→ **WHAT YOU HAVE TO DO**
Give the data again in full, without pictures.
DATA Block Start
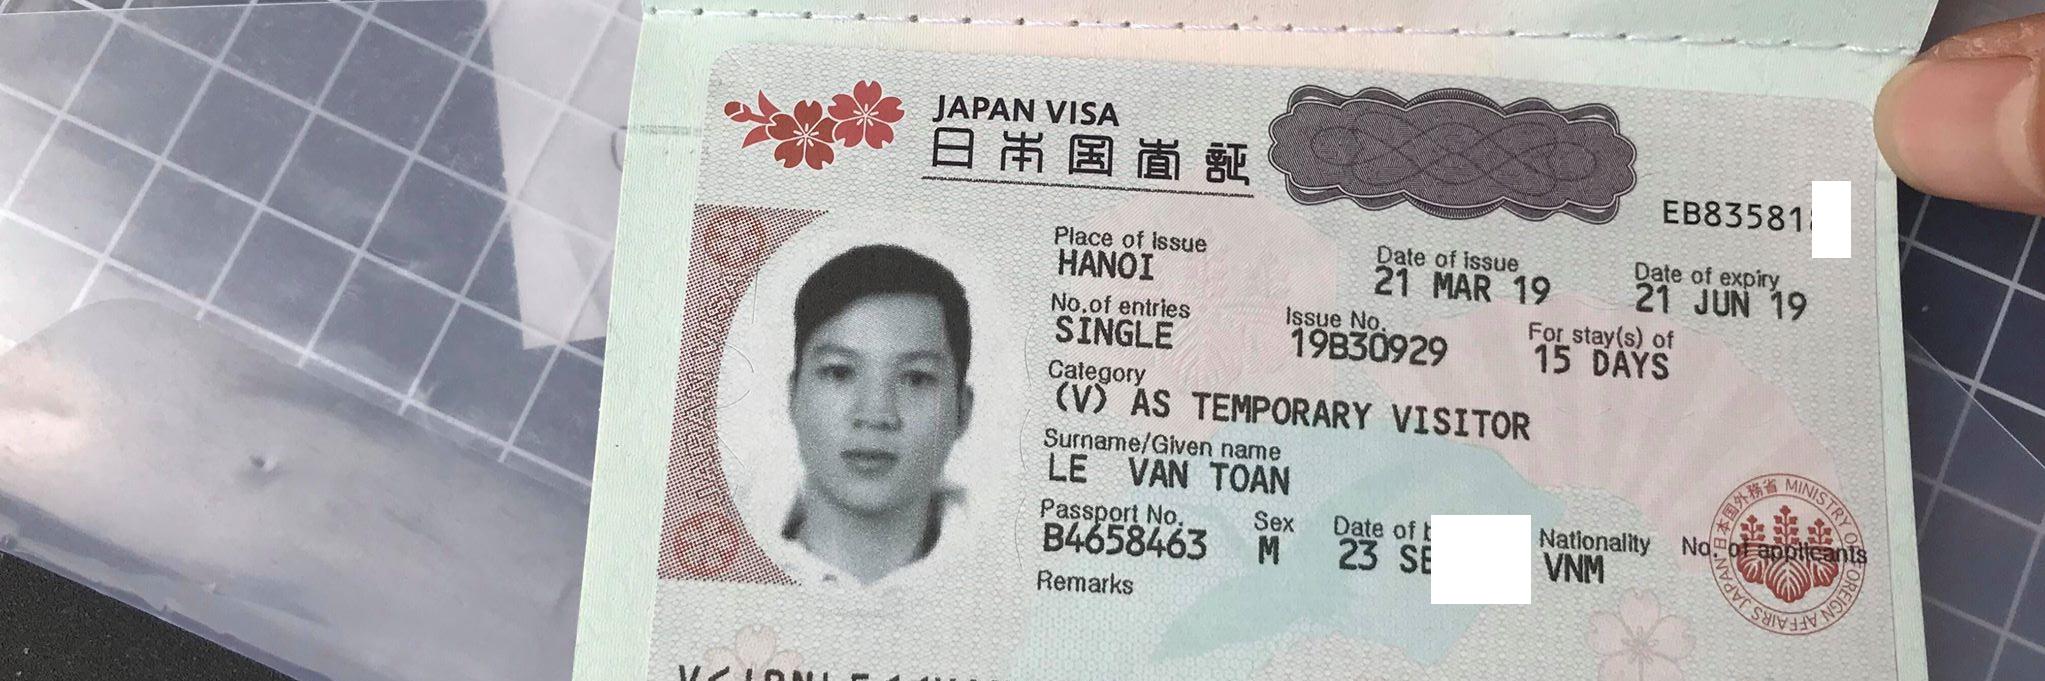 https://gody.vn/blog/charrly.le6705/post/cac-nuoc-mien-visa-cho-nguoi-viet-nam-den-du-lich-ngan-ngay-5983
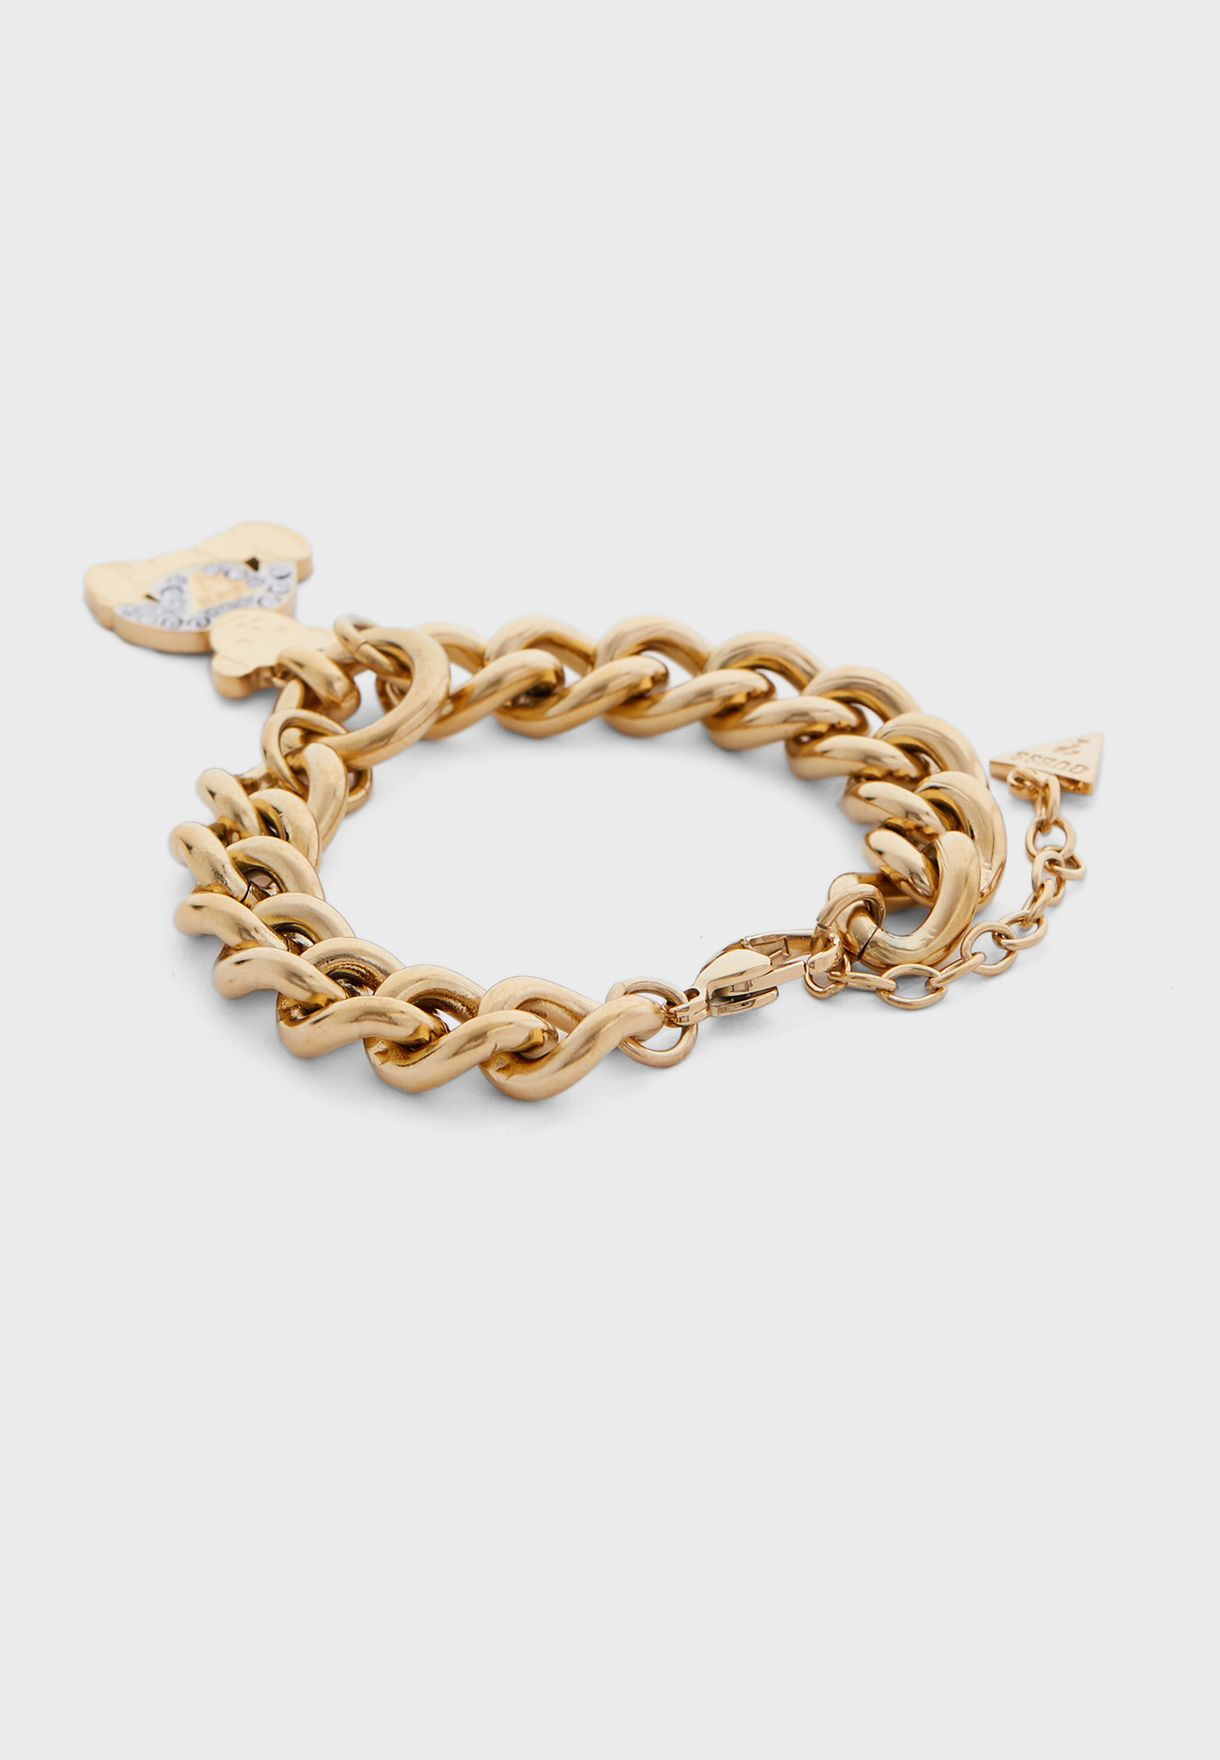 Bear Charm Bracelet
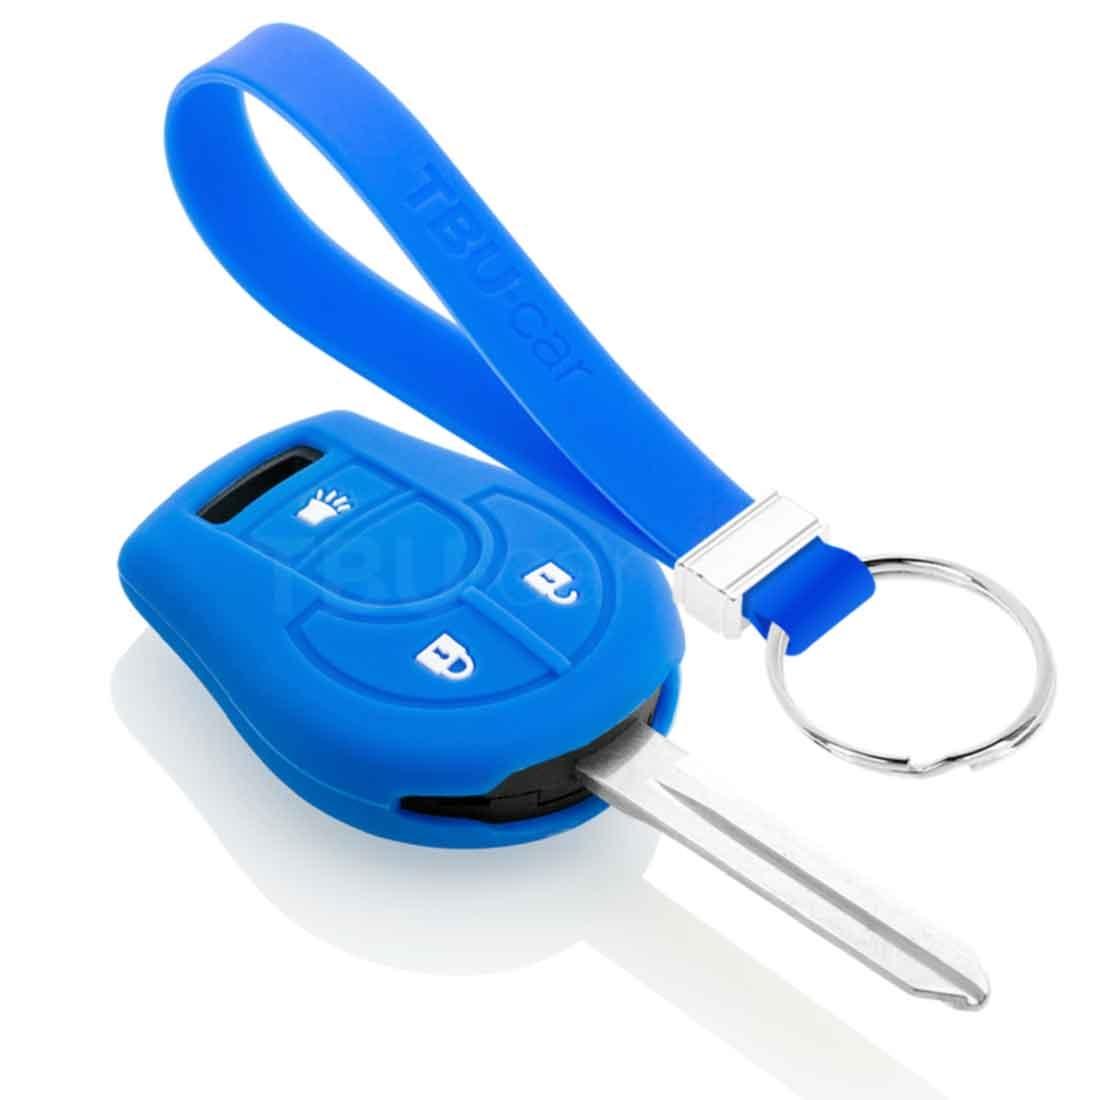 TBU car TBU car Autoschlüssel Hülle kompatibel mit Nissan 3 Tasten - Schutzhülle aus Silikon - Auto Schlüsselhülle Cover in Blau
DATA Block End
→ **RESPONSE AREA**
 https://gody.vn/blog/charrly.le6705/post/cac-nuoc-mien-visa-cho-nguoi-viet-nam-den-du-lich-ngan-ngay-5983
 Bear Charm Bracelet
 TBU car TBU car Autoschlüssel Hülle kompatibel mit Nissan 3 Tasten - Schutzhülle aus Silikon - Auto Schlüsselhülle Cover in Blau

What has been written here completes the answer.